The Dutch government is banning the sale of all magic mushrooms after a series of high-profile incidents involving tourists who had taken them.

Tourists, eh ?

Figures.

The Netherlands is famed for its liberal drugs policy, with marijuana openly sold in licensed cafes.

Magic mushrooms, more properly known as psilocybe, contain the psychedelic chemicals psilocybin and psilocin.

The psychedelic mushrooms found natively in the UK are known as Liberty Caps.

Currently in the Netherlands the sale of dried magic mushrooms - in which the psychoactive chemicals psilocybin and psilocin are stronger - is banned but fresh mushrooms are allowed.

This is because it is more difficult to ascertain how much of the chemicals fresh mushrooms contain.

Calls for a re-evaluation of the drug grew after a 17-year-old French girl jumped from a building after eating magic mushrooms during a school trip to Amsterdam in March.

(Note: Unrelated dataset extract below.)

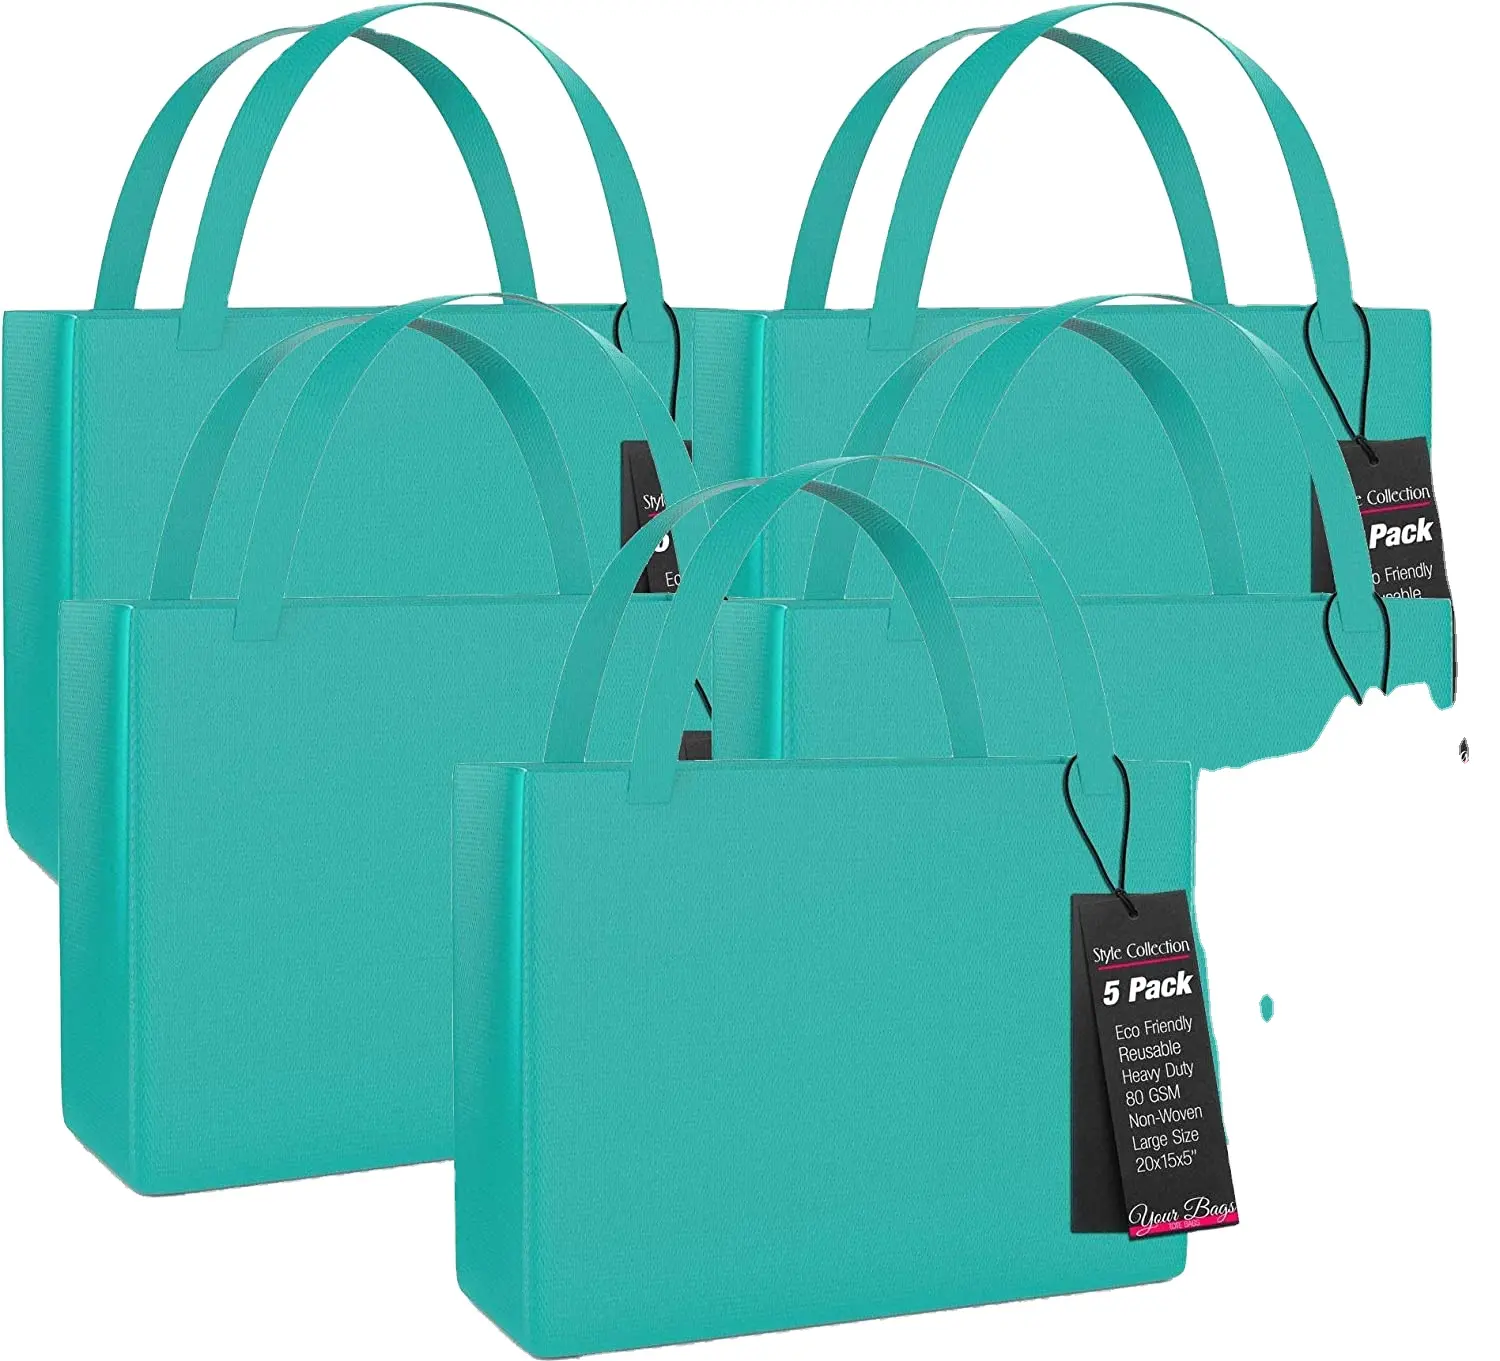 Kunden spezifische wieder verwendbare Einkaufstasche aus recyceltem Öko-Vlies mit Logo Biologisch abbaubare, verstärkte Einkaufstaschen

Other incidents involving the drug have included an Icelandic tourist jumping from a balcony and breaking both legs and a Danish tourist driving his car wildly through a camping ground, narrowly missing sleeping campers.

“It’s a shame, the media really blew this up into a big issue,” said Chloe Collette, owner of the FullMoon shop, which sells magic mushrooms in Amsterdam.

She said all the incidents had involved magic mushrooms in conjunction with other drugs.

Mixing drugs generally skews the picture of the problem, for example many deaths attributed to MDMA are largely not caused by MDMA at all, but as a result of something else the user has taken. MDMA however makes a better headline.

Users of fresh mushrooms experience effects ranging from giggling fits and intensification of colours, lights and sounds to, more rarely, hallucinations. Negative effects can include vomiting, and anxiety.

As always, responsibility and maturity are the order of the day.